There is still no firm commitment on a US-Soviet summit. [East-bloc sources say summit will take place this fall. Story, Page 11.] The Soviets, although hinting at a desire to withdraw troops from Afghanistan, are bogged down in a guerrilla war that seems to have escalated in recent weeks. And neither the United States nor the Soviet Union report significant progress on the key problem of nuclear arms control.

The US refusal to go along with the Soviet demand for a nuclear test ban, which the Soviets have unilaterally extended to Aug. 6, seems to have further soured relations. Continuing US opposition to a test ban seems to be more of an irritant than other recent developments have been, including the US bombing of Libya, a Soviet ally, or the uproar in the West over Chernobyl.

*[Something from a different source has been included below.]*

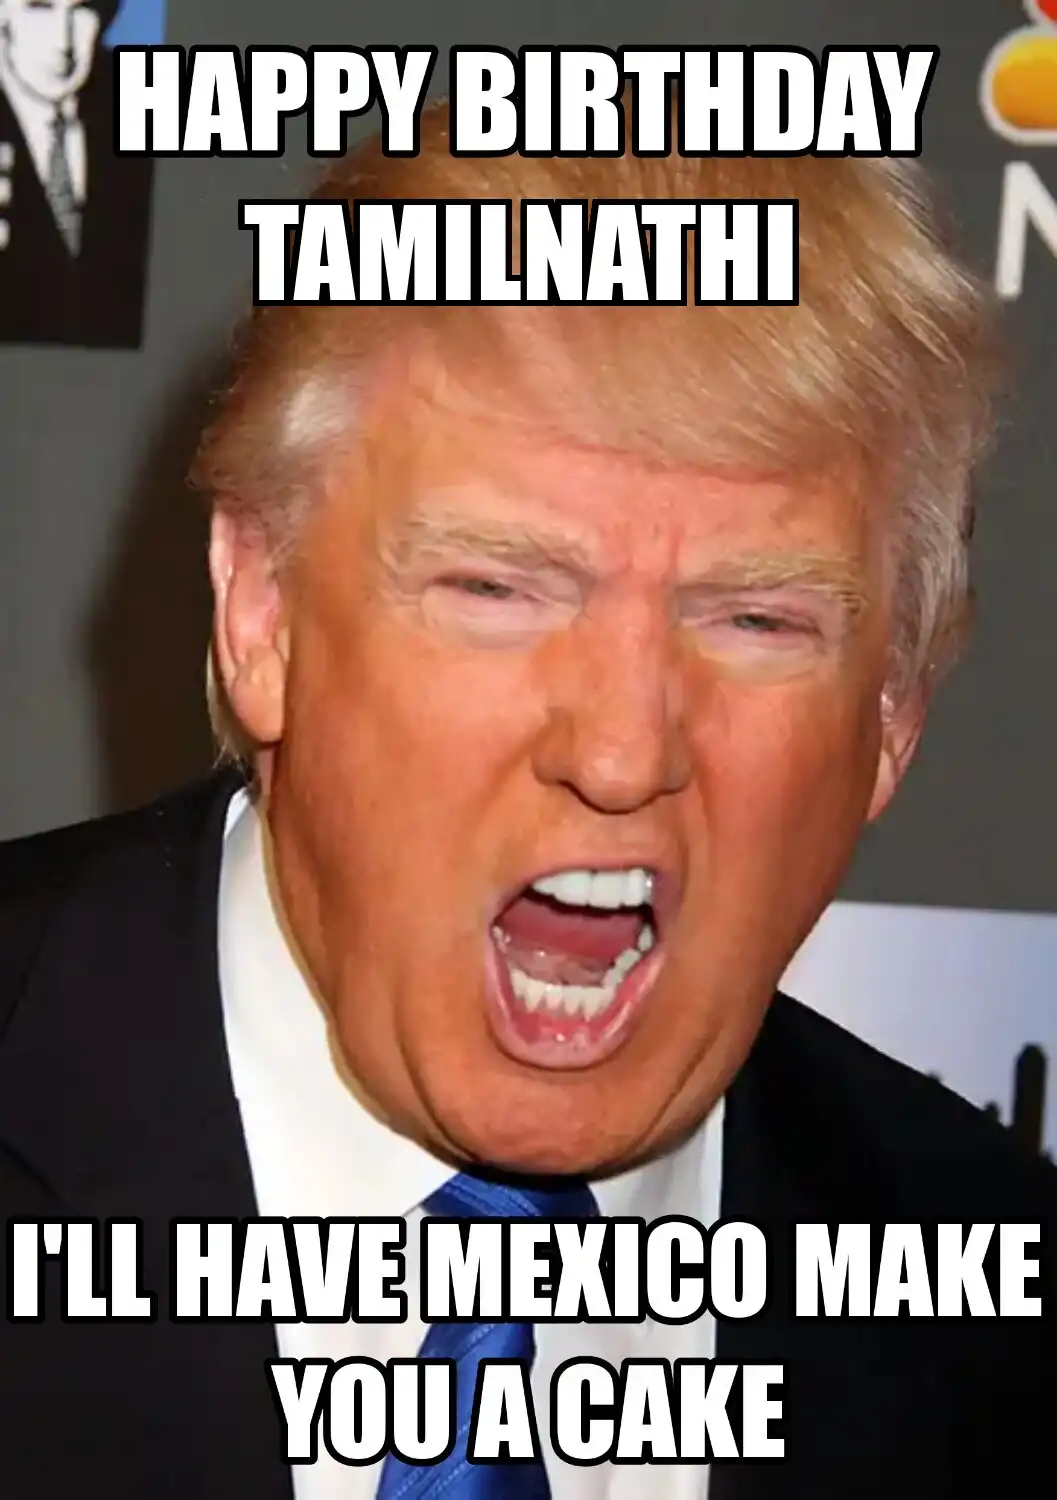 Happy Birthday Tamilnathi Mexico Make You A Cake Meme

``My impression is that the Americans are upset about a threefold or fivefold increase in [background] radiation, but they're willing to run the risk of nuclear war,'' said Vladimir Bogachev, a writer for the Soviet news agency Tass, in an interview.

A high-level group of private US citizens heard a similar message from Soviet officials last week during a week-long meeting in Baku, the capital of Soviet Azerbaijan.

According to the Soviet participants, which included a number of senior figures in the Communist Party and Foreign Ministry, the present US administration is by far more intractable than any of its recent predecessors.

``Political will is needed'' to overcome the present stalemate, says Kremlin spokesman Vladimir Lomeiko. ``Washington,'' he says, ``lacks the political will.''

In the Soviet view, an agreement to halt nuclear weapons tests would halt nuclear arms competition between the superpowers and improve prospects for future political relations.

Mr. Lomeiko says a test moratorium would provide a ``firm basis'' for a summit meeting in the US. So far, the Soviet Union has not replied to a US invitation to a summit in June between President Reagan and Soviet leader Mikhail Gorbachev, claiming it must produce ``concrete'' results.